■ **DATASET ENTRIES**
---

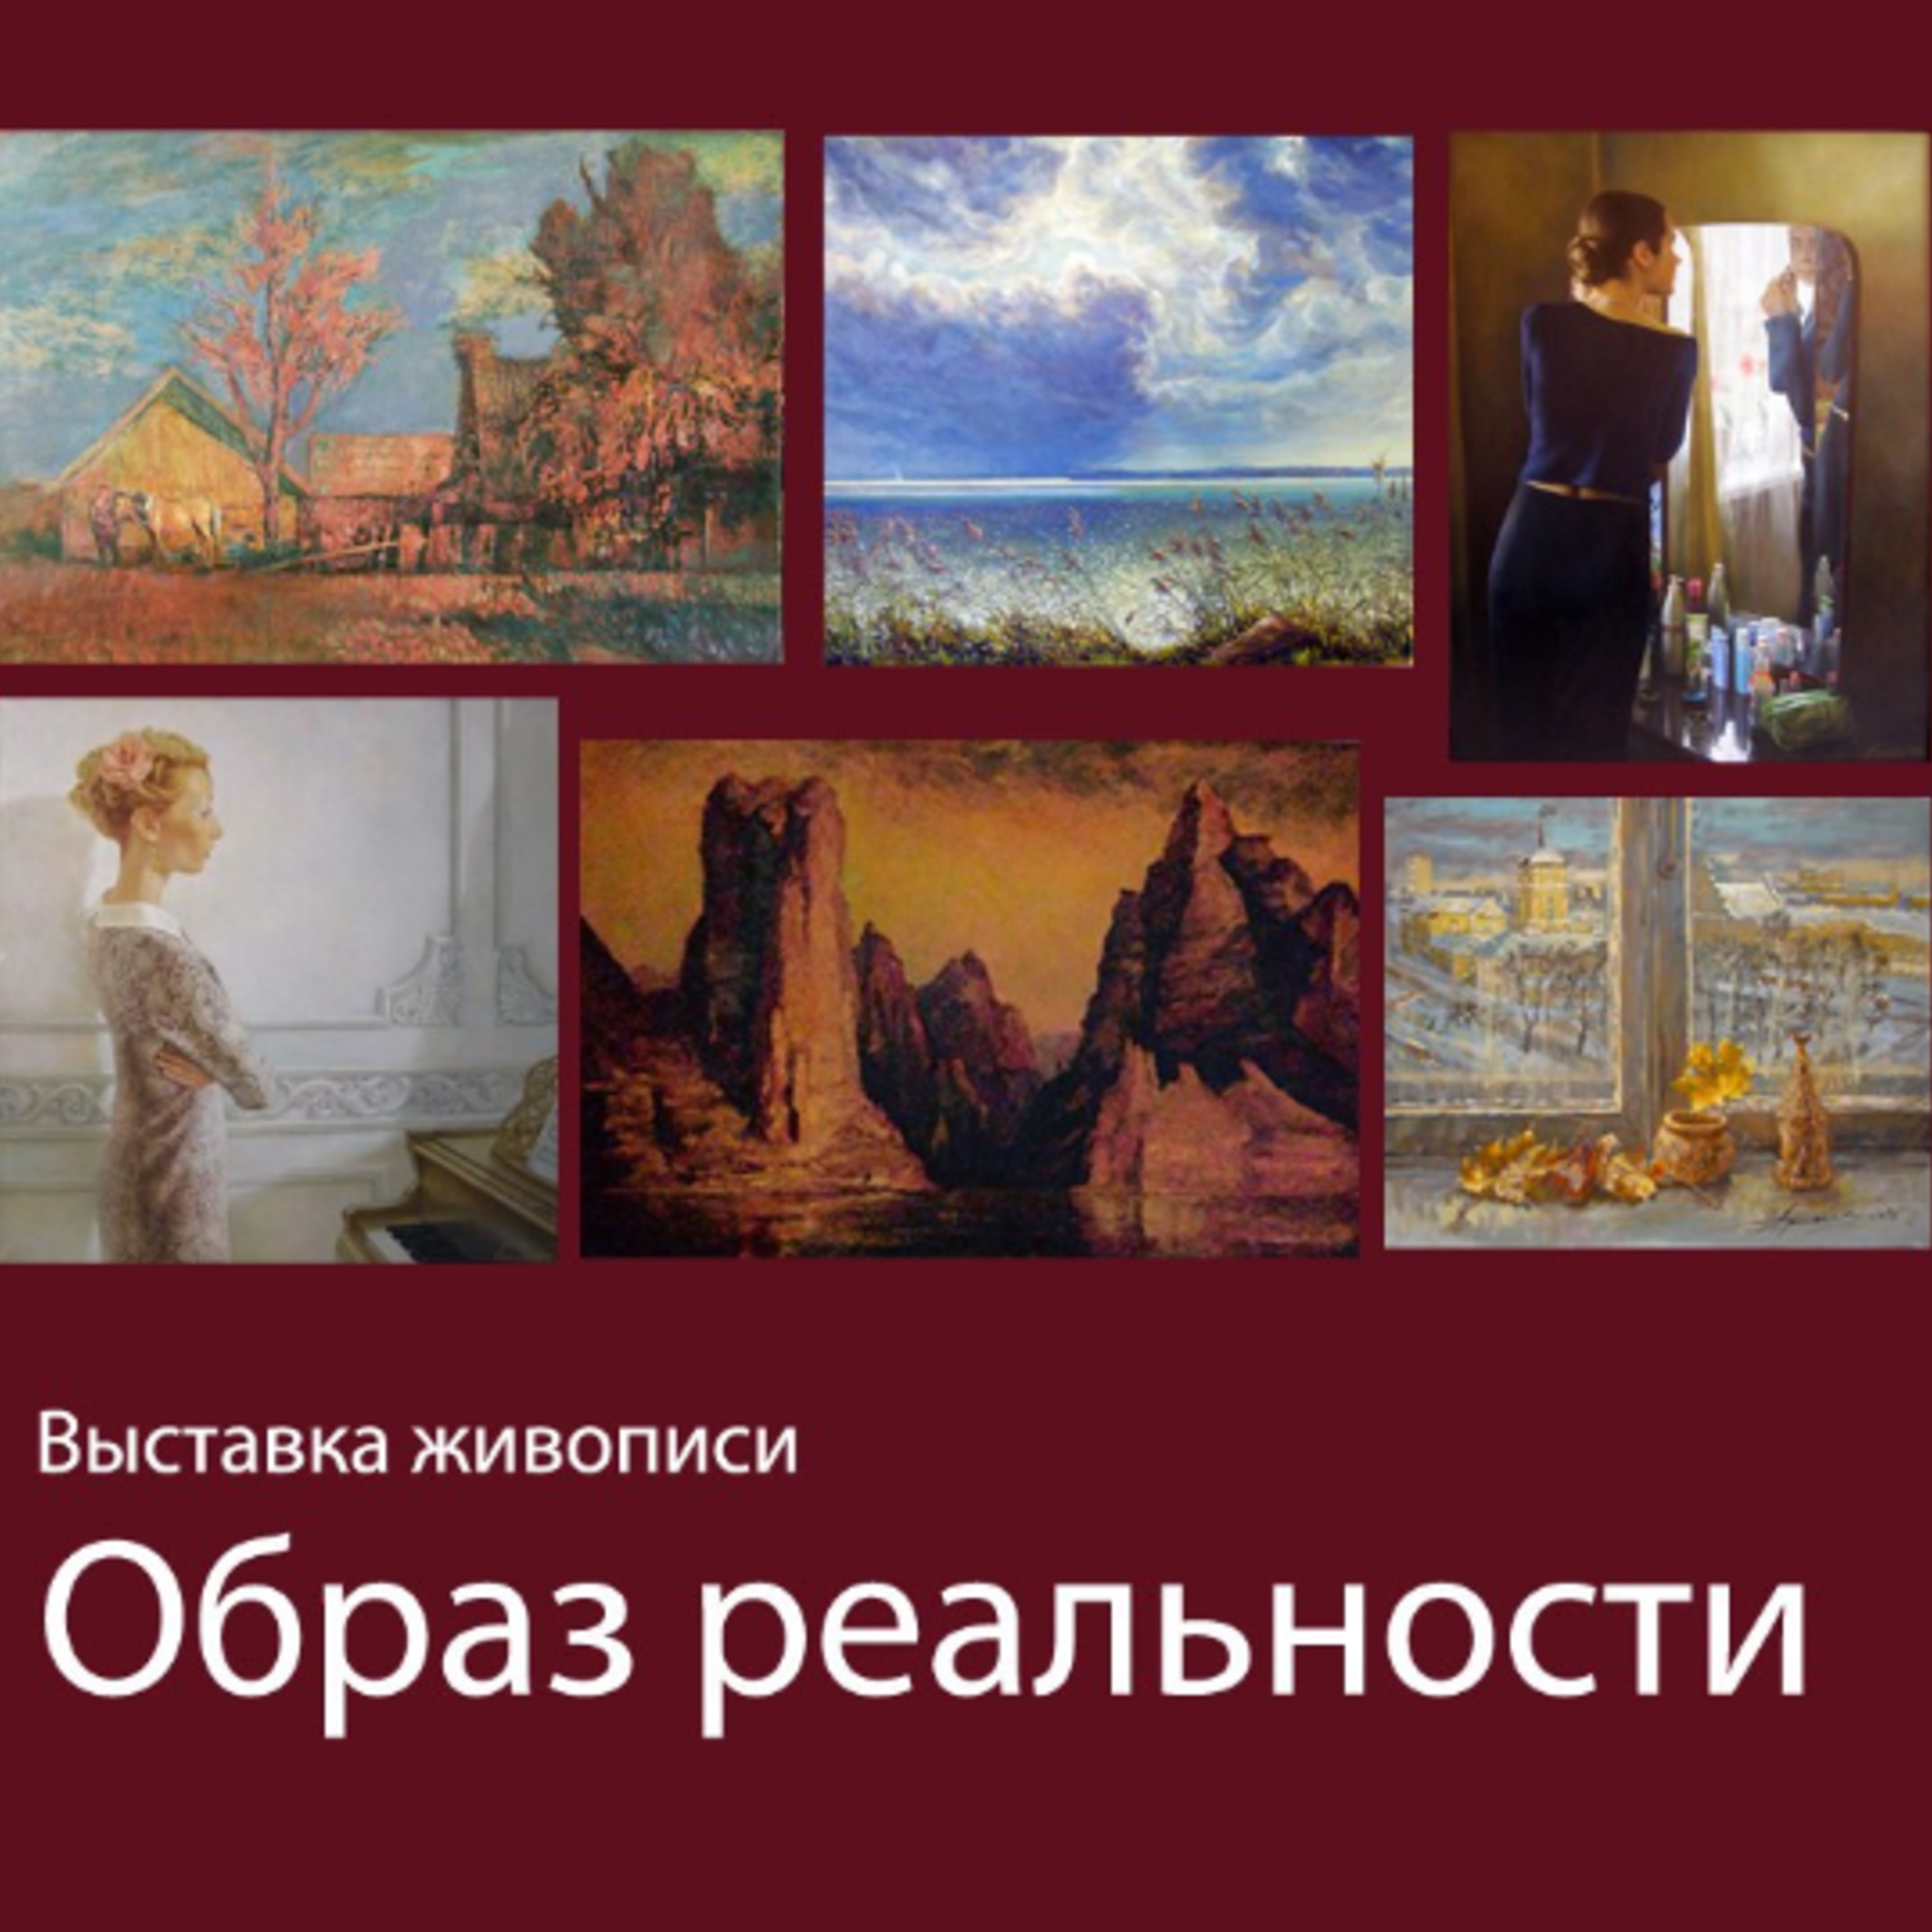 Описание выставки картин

---

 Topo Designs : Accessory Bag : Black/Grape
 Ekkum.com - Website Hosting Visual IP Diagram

---

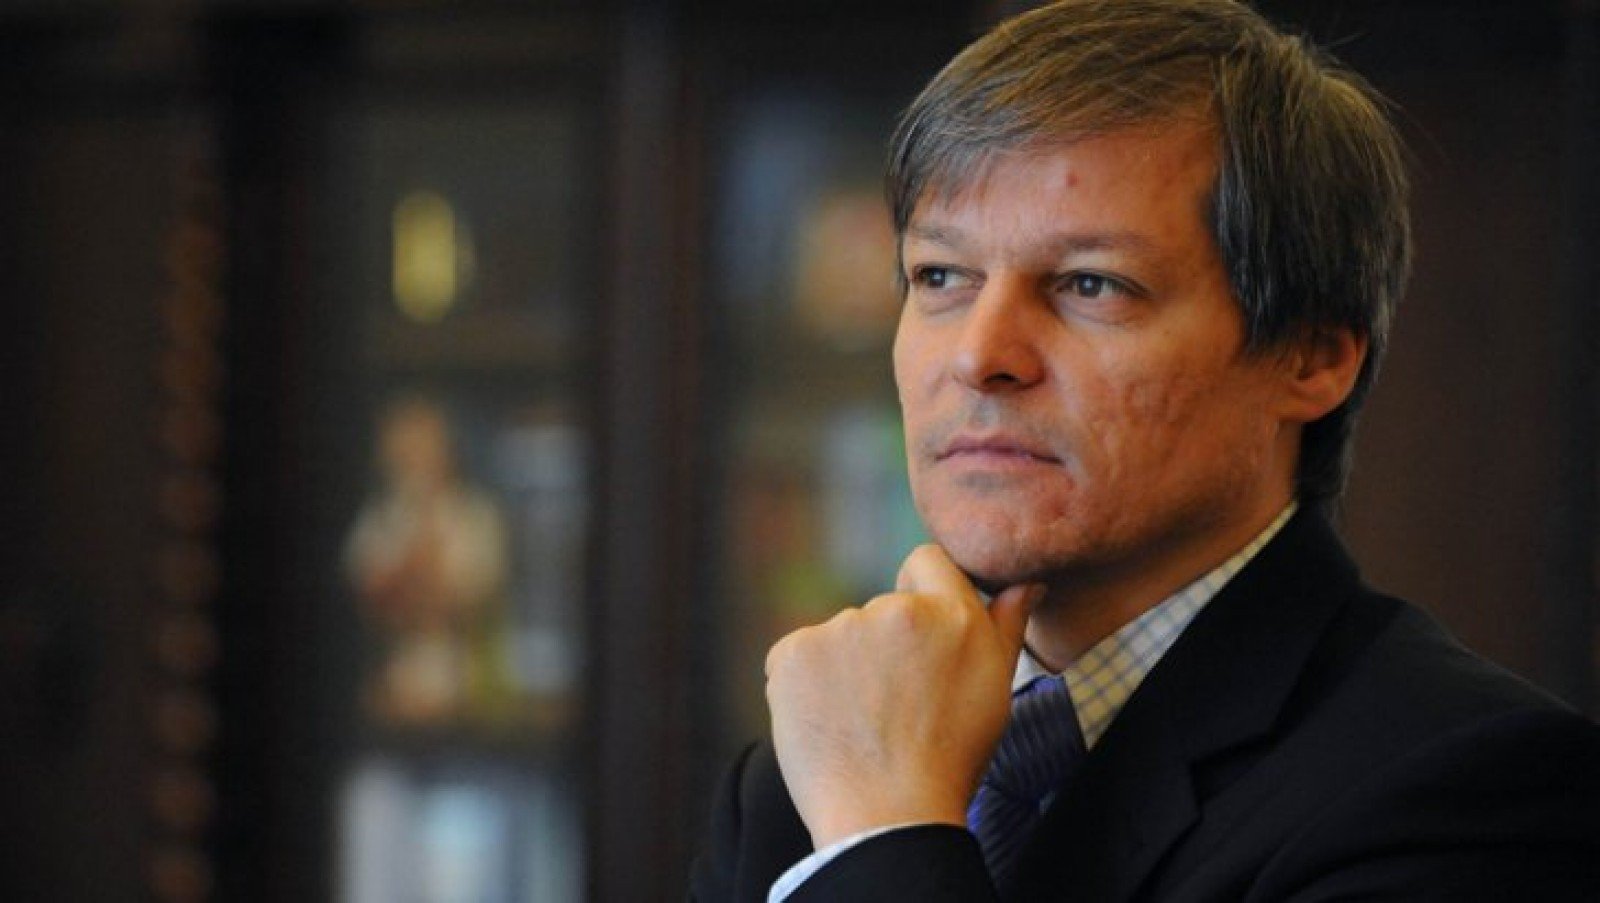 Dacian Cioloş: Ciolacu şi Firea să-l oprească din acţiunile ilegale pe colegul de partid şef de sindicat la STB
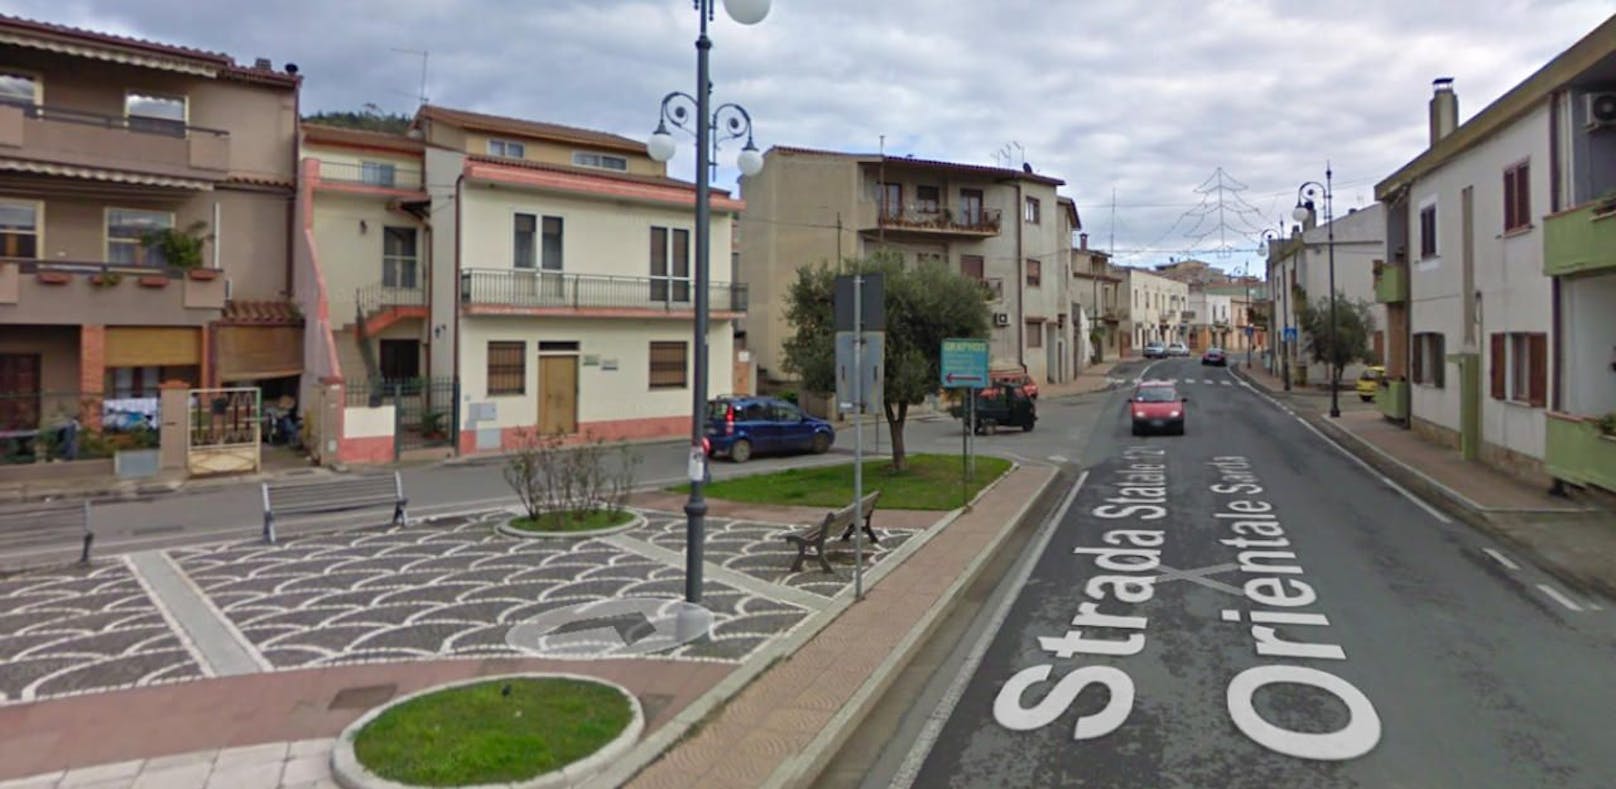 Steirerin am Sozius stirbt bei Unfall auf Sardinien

---

An exact copy of the lines above from the one with "Dacian Cioloş: Ciolacu" up to and including the one with "Steirerin am Sozius" is required; reproduce only those lines, omitting all pictures.

■ **PROBLEM SOLUTION**
 Dacian Cioloş: Ciolacu şi Firea să-l oprească din acţiunile ilegale pe colegul de partid şef de sindicat la STB
 Steirerin am Sozius stirbt bei Unfall auf Sardinien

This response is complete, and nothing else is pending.